Food

Coffee

The delicious flavor of a perfect cup of coffee is incomparable. Required by many of us to start each day, it provides a boost when we need to focus – like through the 4 o’clock slump and accompanies friends gathered for a catch-up at the ubiquitous local coffee shop.

The beverage so important that it was given its own moniker, ‘kaffe-klatsch‘, German for ‘informal gathering, talking or gossip where coffee is served.’ And I’m sure we can add to that ‘and imbibed with relish in the afternoon’ to underscore the status of this beverage.

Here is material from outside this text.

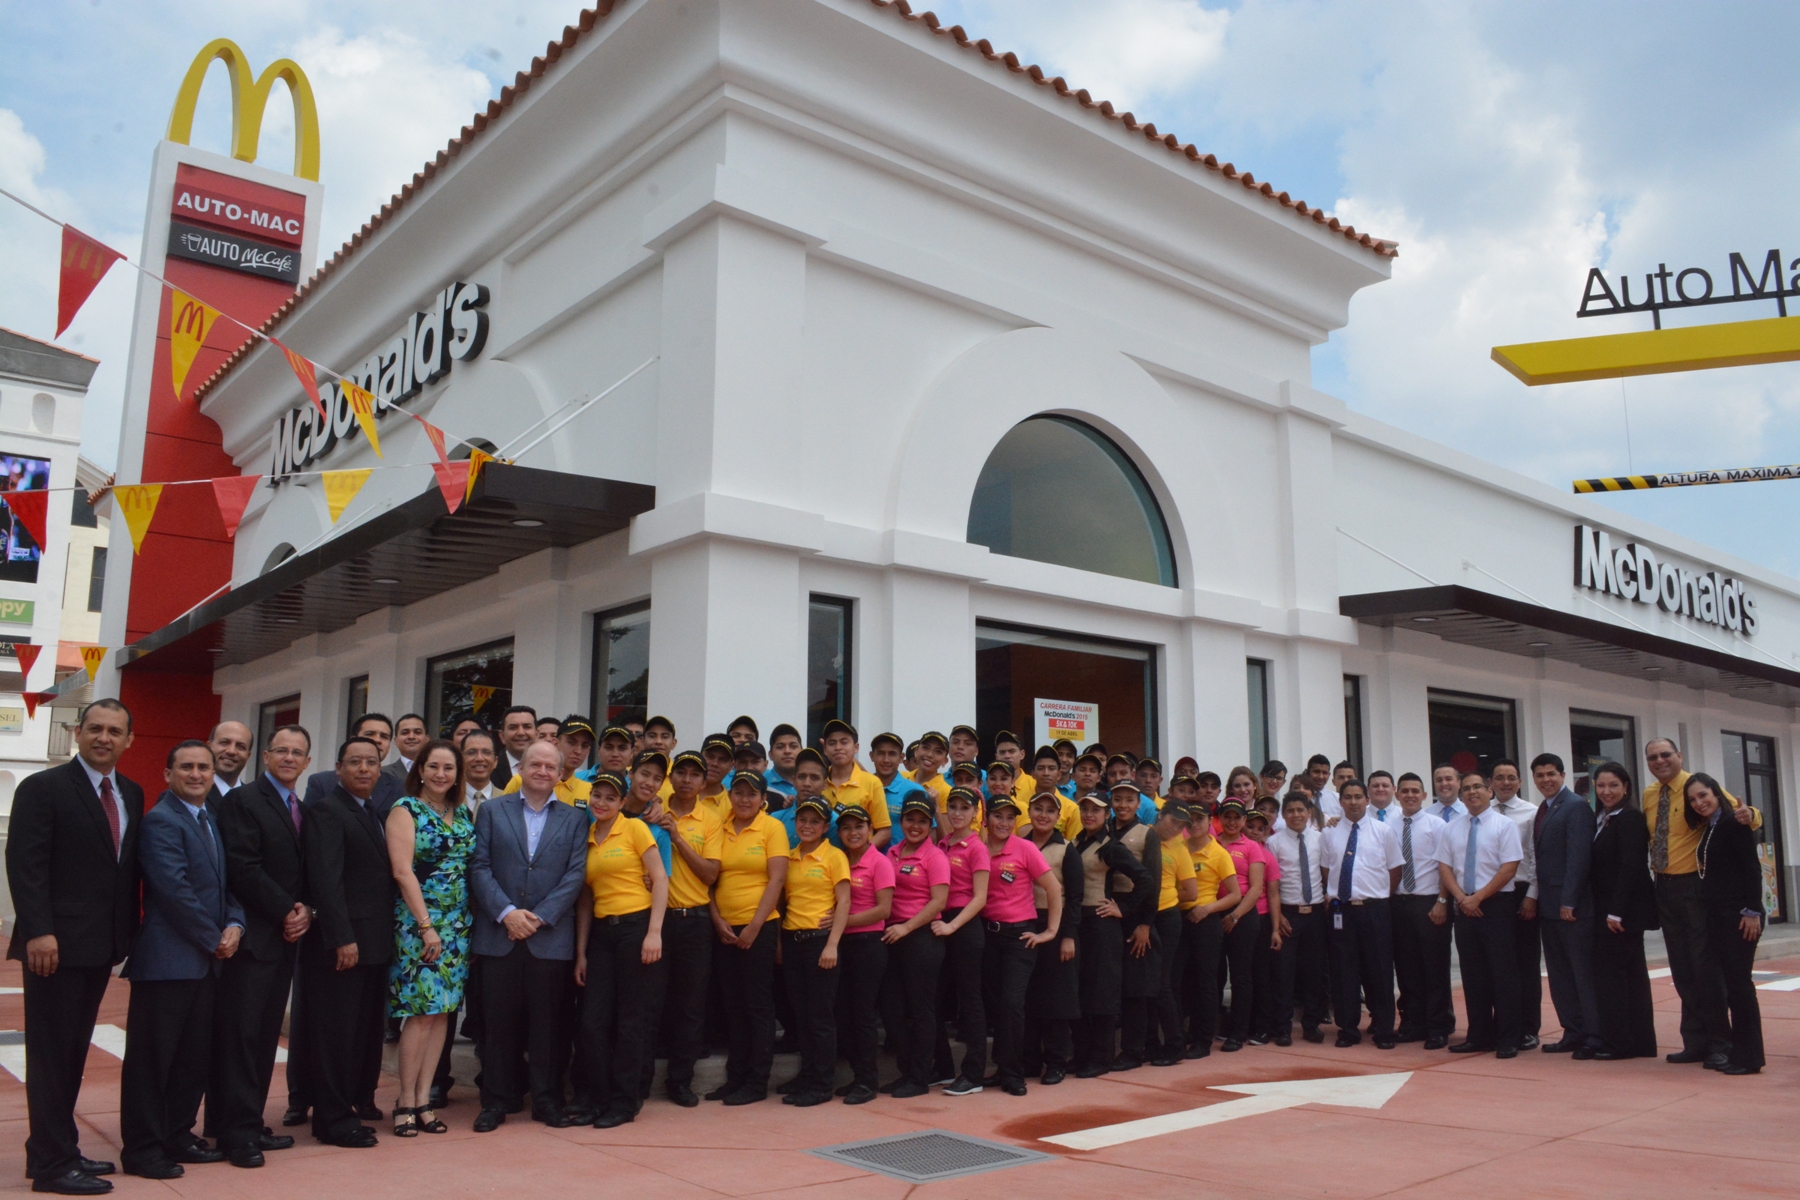 McDonald’s inaugura su nuevo restaurante en Cayalá de Guatemala

Whole coffee beans in a coffee grinder

Bean or preparation?

For me it is both- it’s a good quality bean, which before grinding, has a soft sheen, not glossy but a sheen. This is a clue as to the oil content of the bean and it follows, the better tasting coffee. Freshly ground coffee beans have a rich, deeply fragrant aroma. The aroma primes the senses for the experience.

It’s been more than a few years since I started grinding coffee beans but I can’t imagine doing it any other way. I use a simple electric grinder that makes short work of the task and is ‘old reliable’. I grind just enough for a day or two and store it in a glass canning jar with a gasket and clamp lid, in the refrigerator.

There was a time, on vacation, that I purchased a bag of coffee only to discover the next morning that it was whole beans and the cottage in which we were staying had no coffee grinder – manual or electric. And it had a french press coffee pot. Those gorgeous beans just sitting there, showing off their wonderful sheen. Desperate times – the morning coffee is under threat- call for desperate measures. I improvised with the bottom of a heavy, stainless steel pot and a wooden cutting board. I was able to do a fair job of producing a coarse to medium ground which was surprisingly good.

Sheen to achieve ‘crema’

But back to the sheen of the coffee beans. The sheen is indicative of the oil within, which makes your coffee rich and not bitter. This is what contributes to the ‘crema‘ of espresso- that deep brownish-red, slightly foamy coating on the top of your espresso and hugs the sides of the cup.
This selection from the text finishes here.